Introductory Note
On December 19, 2019, Arotech Corporation (the “Company”), a Delaware corporation, merged (the “Merger”) with Argonaut Merger Sub, Inc. (“Merger Sub”), a Delaware corporation and a direct, wholly-owned subsidiary of Argonaut Intermediate, Inc. (“Parent”), a Delaware corporation, pursuant to the terms and conditions of the Agreement and Plan of Merger, dated September 22, 2019 (the “Merger Agreement”), by and among the Company, Parent and Merger Sub. As a result of the Merger, the Company became a wholly-owned subsidiary of Parent.
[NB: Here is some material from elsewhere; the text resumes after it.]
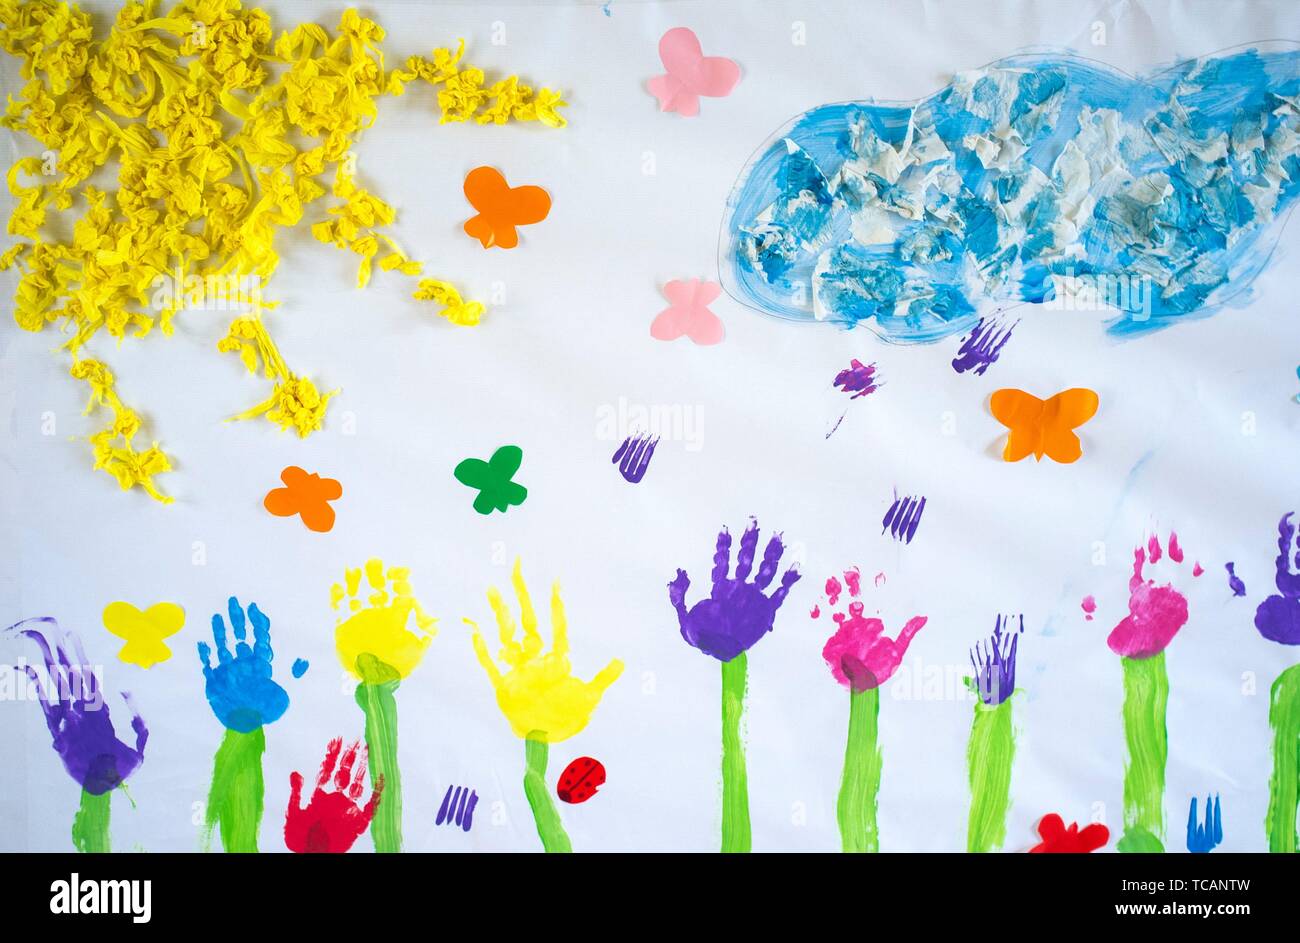 Fresque de printemps créer sur du papier craft peint avec les mains s'imprime. Faites par les enfants. Banque D'Images

Item 2.01 | Completion of Acquisition or Disposition of Assets. |
At the effective time of the Merger (the “Effective Time”), each share (a “Share”) of common stock of the Company, par value $0.01 per share (the “Common Stock”) (other than Cancelled Shares (as defined in the Merger Agreement) and Dissenting Shares (as defined in the Merger Agreement)), issued and outstanding immediately prior to the Effective Time was converted into the right to receive $3.00 in cash, without interest (the “Merger Consideration”).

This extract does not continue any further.